There is a second command, reindex-chainstate that will only perform step 2.
This PR improves the runtime of step 1 and does not affect step 2 (which
is already highly optimized since it uses the same validation functions that
are used for connecting new blocks received from the network).
Reindex uses the CBufferedFile stream, introduced in
#1962, which has a buffer to
allow “rewinding” the stream position to an earlier position without additional
disk access. In the merged PR
#16577, the author of this
week’s PR fixed a bug in CBufferedFile and added comprehensive unit tests.
The reindexing happens in LoadExternalBlockFile() (in validation.cpp), which is
called for each block file. The block index is rebuilt by calling
AcceptBlock() for each block in the chain in correct order.
However, blocks are usually not saved to disk in the correct order during IBD
(listen to Pieter Wuille’s recent Chaincode
podcast for
more background, starting at 3:30). Therefore, the parent hash of blocks that
are encountered without a known parent is saved in the map
mapBlocksUnknownParent. After accepting a block, the reindex algorithm
recursively finds all blocks from mapBlocksUnknownParent which are ready for
processing now, tries to accept them and removes them from the map.
Before this PR, we would always read entire blocks from disk into our buffer.
If the predecessor of a block was not available, the blocks would have to be
read again at a later point. This PR changes behavior such that initially only
the 80 byte block header is read into the buffer, and if we can’t accept the
block yet, the rest of the block is skipped for now.
<emilengler> To summarize it up: It does a more low level job when reading the reindexing plus it only reads the block header instead fo the entire block
<willcl_ark> although, as IBD is usually saturated at CPU, perhaps --reindex is not actually that useful (unless you are bandwidth/data constrained in some way for a db error)
<LarryRuane> i was just reading sipa's reply on the stackexchange (linked above).. "You should use -reindex only when you were running in pruning mode..." should that be non-pruning mode? to reindex requires that you have all 300+ gb of blocks, right?
<fjahr> LarryRuane: if you were running it pruned and you switch to non pruning I think you have to start the node with -reindex if i remember correctly
<jnewbery> I'm looking in init.cpp, and there appears to be logic for when using -reindex and -prune, so I guess it'll just redownload blocks from the network
<molly> once i tested reindex on a laptop a few years ago, it took a week to fully sync, so i wouldn't use reindex if i have a corrupt database, i would resync the node from scratch, it's faster
<lightlike> willcl_ark: I think that is what happened to me once when I had a corrupt block file (and slow internet connection): I would reindex up until the corrupt block, and then download all blocks beyond that from peers
<LarryRuane> for me it took slightly less time to reindex than IBD last time i checked, several months ago ... but also reindexing puts less traffic on the network on load on peers
<lightlike> emilengler: yes, but just at the first encounter, because based on the header we can decide if wa want to deserialize the block already now (or need it only later)
<LarryRuane> so... i made a comment on the PR yesterday that explains in more detail but it doesn't actually reduce reads from disk (either num of reads or length of reads), but it only saves CPU time spent deserializing
<lightlike> yes, I was not precise there in my notes: The reading from disk, in my understanding, is done in the Fill() method, which happens also if we skip the block
<lightlike> I think it is also helpful to mention the observation by Larry in the PR, that this change is only an improvement because IBD typically saves block out of order.
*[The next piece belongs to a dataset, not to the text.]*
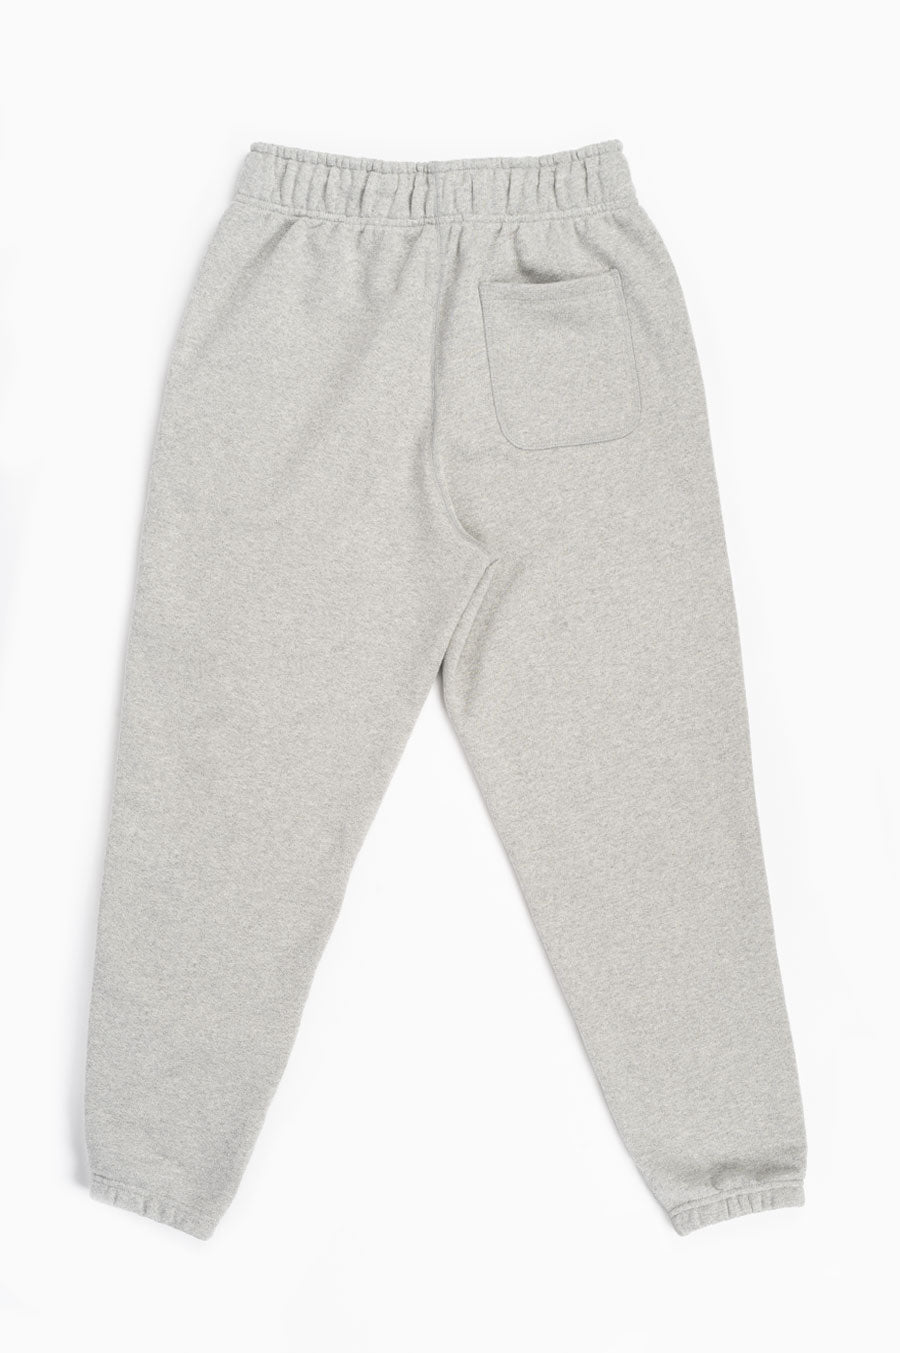 USA BALANCE – IN BLENDS ATHLETIC SWEATPANT GREY NEW MADE

If everything was in order, this change would make things (slightly) slower.
<LarryRuane> yes because when we encounter a block and its parent has already been seen, it backs up (in the memory buffer) by 80 bytes (header) and deserializes the entire block (incuding header, again) .. so header is deserialized twice .. but since it's only 80 bytes probably not much impact
<lightlike> raj_: although as elichai2 noted earlier, with the same restrictions as in IBD (afaik not every signature of very old blocks is validated, but I don't know the details there)
<LarryRuane> nehan_ thank you, i'll reply there, but today, where of course there is no Skip(), instead the deserialization (`blkdat >> block;`) can trigger the same disk read, so there is no difference
<jnewbery> raj_: yes, exactly the same as for IBD. You can imagine we're treating the blk files as untrusted and revalidating everything again. assumevalid means that we don't check scripts/signatures before a certain height
<willcl_ark> jnewbery: which also might give us another --reindex use-case: recieving an offline copy of the block files from a friend (or torrent download?) which you might want to reindex before trusting
<nehan_> LarryRuane: I'm having a lot of trouble figuring out how nRewind is updated given that it moved around. I'm still trying to get my head around CBufferedFile semantics...
<LarryRuane> _nehan_ this lock can be dropped before calling Skip() .. Is there a way to drop a LOCK() besides it going out of scope? i don't think i've ever seen that
<jnewbery> nehan_: good catch! In practice, I don't think it matters too much. If we're doing reindex then the critical path is single-threaded in this thread (the ThreadImport thread)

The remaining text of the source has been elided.